- Born: Theresa Goldmannová 17 November 1923 Český Těšín, Czechoslovakia
- Died: 1 March 2016 (aged 92) Paris, France
- Education: Art Students League of New York Atelier 17
- Known for: Painting

= Terry Haass =

French artist (1923–2016)

Terry Haass (née Goldmannová; 17 November 1923 – 1 March 2016) was a Czechoslovak-born French artist known for her printmaking, painting, and sculpture.

==Biography==
Haass was born on 17 November 1923 in Český Těšín, Czechoslovakia. in 1938 she and her family fled from antisemitism in Czechoslovakia to Paris, France then fled the Nazi invasion there, settling in New York in 1941. Around that time she married Walter Haass who she later divorced.

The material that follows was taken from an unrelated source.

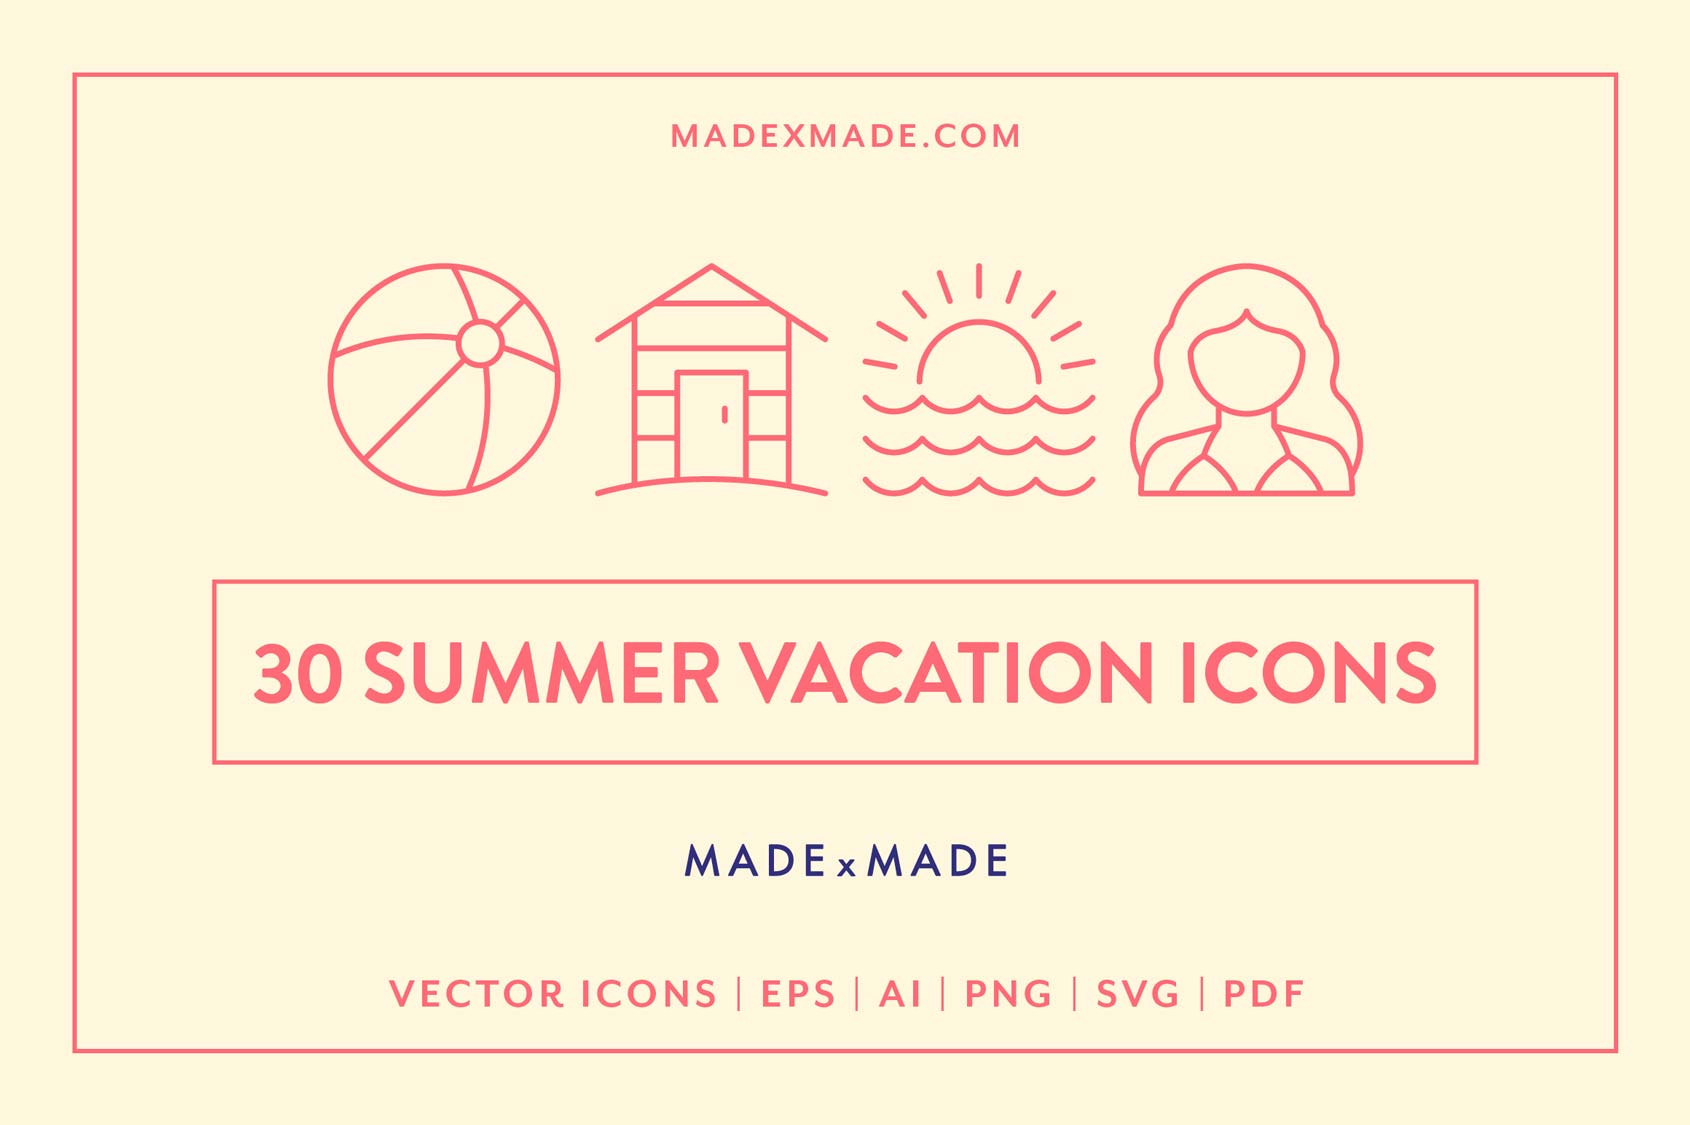 made x made icons summer vacation
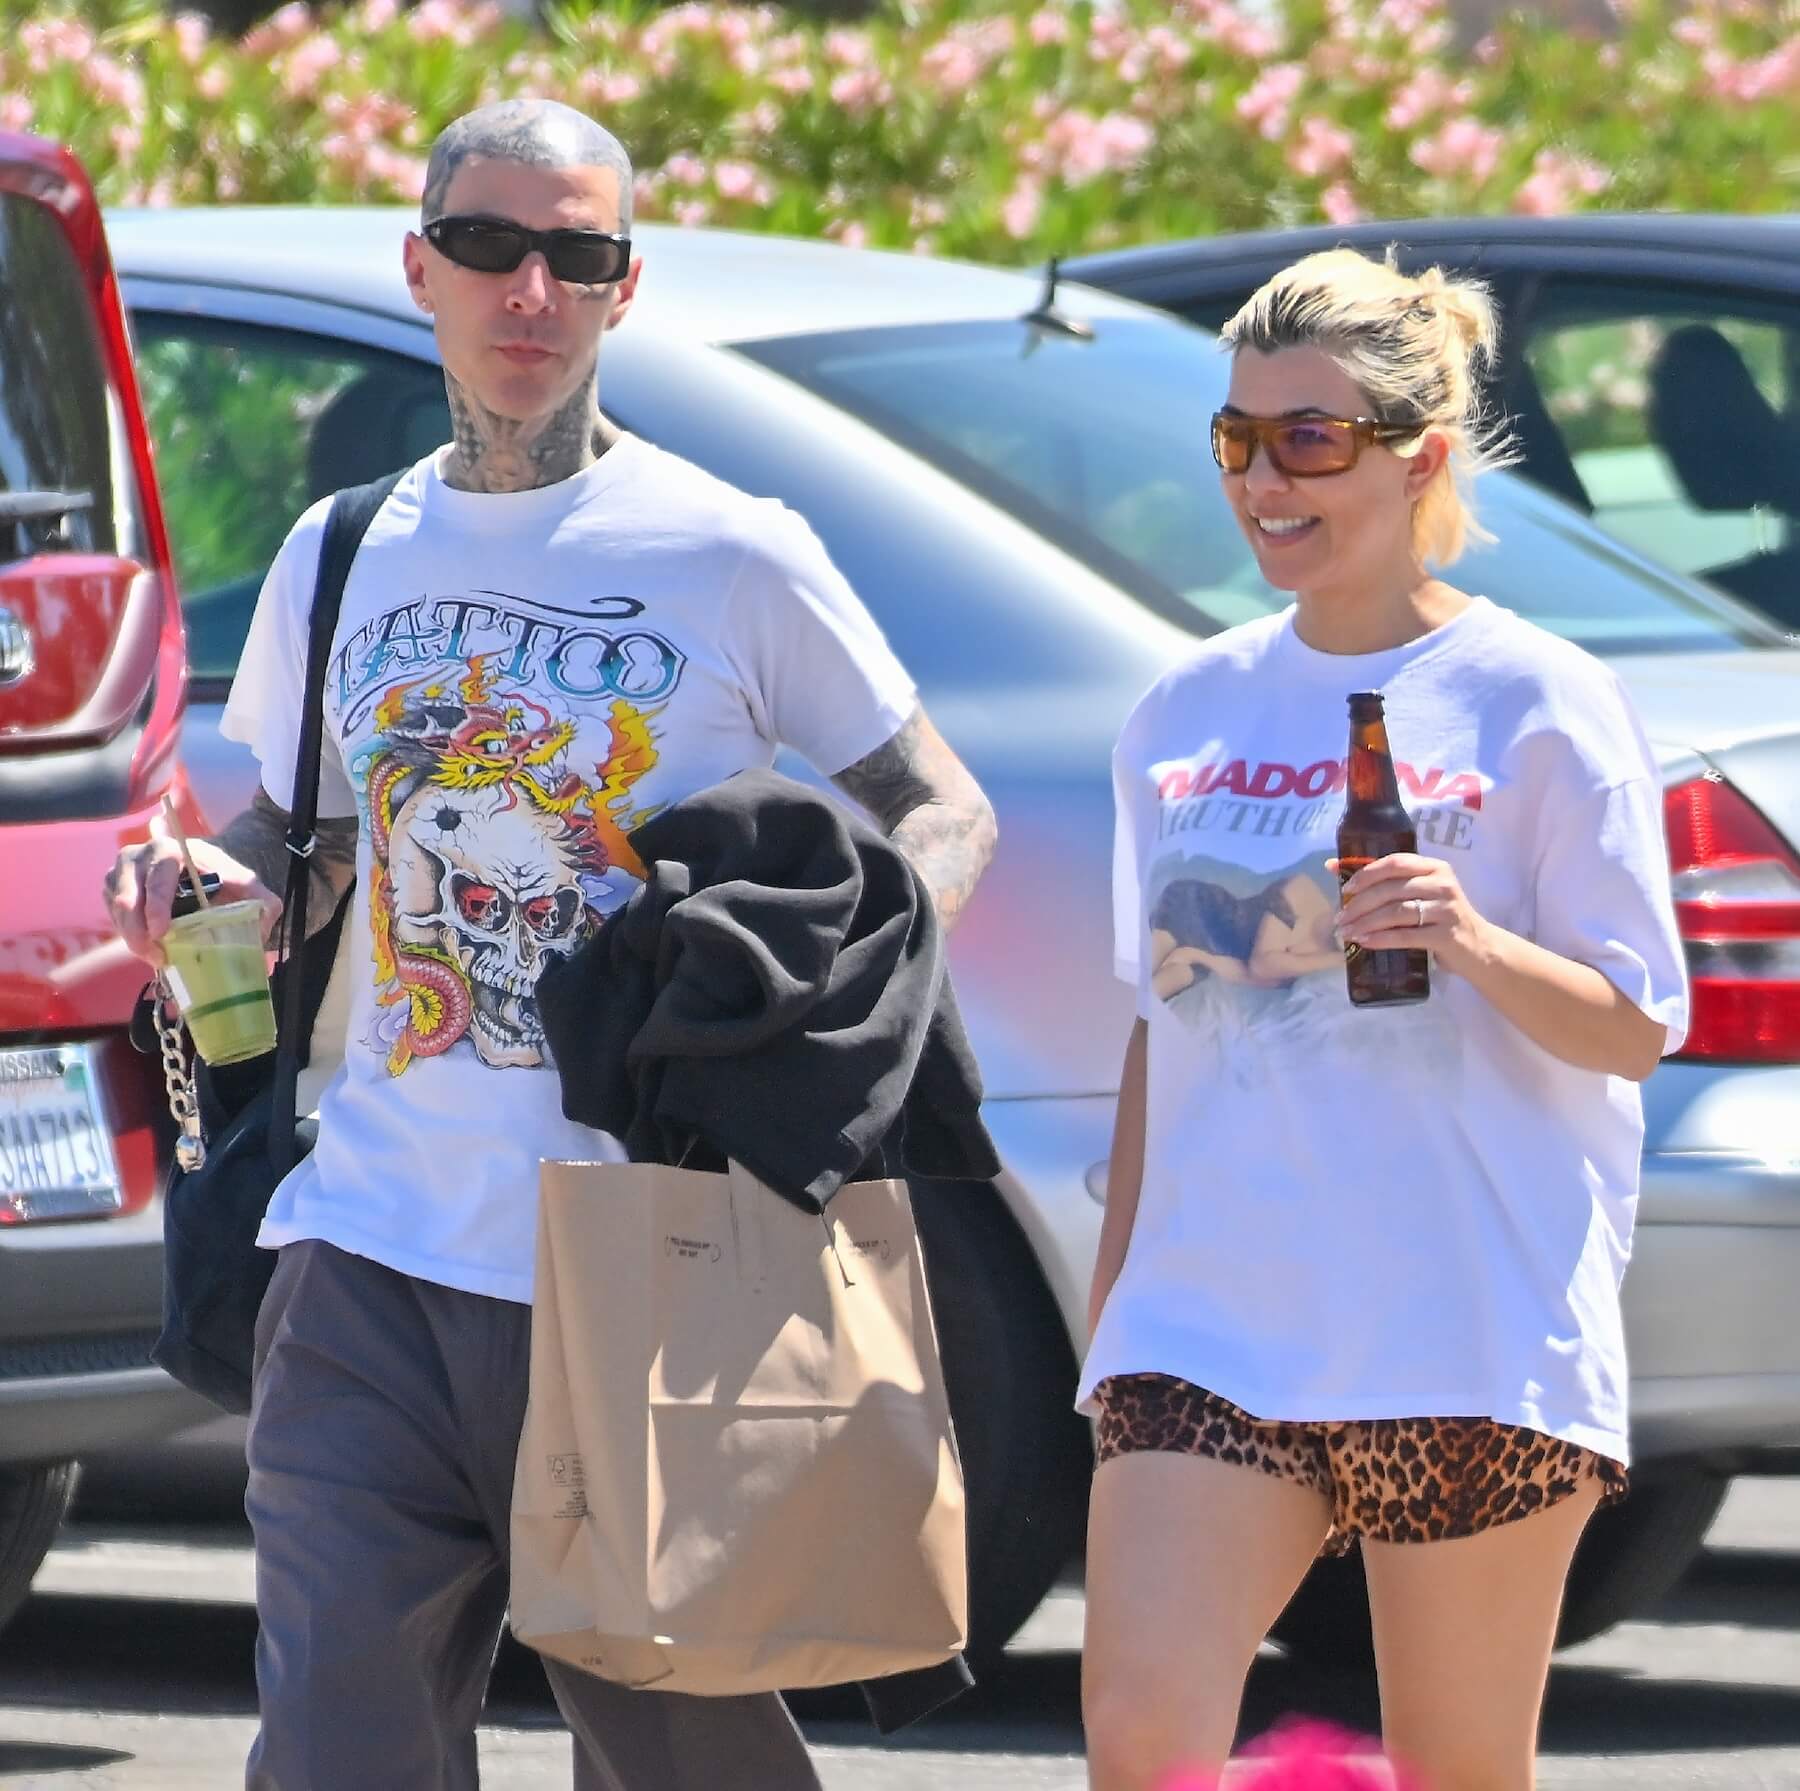 Travis Barker and Kourtney Kardashian walking together through a parking lot

In New York City, Haass attended the Art Students League of New York and the Atelier 17. In 1951, she and fellow artist Harry Hoehn co-directed the New York location of Atelier 17. By the end of that year Haass moved back to Paris. In 1952, Haass had a solo exhibition at the Smithsonian Institution. In 1953, Haass' work was included in the Museum of Modern Art's Young American Printmakers exhibition.

Haass studied and worked in Paris, becoming a French citizen in 1963.

Haass died on 1 March 2016, aged 92, in Paris.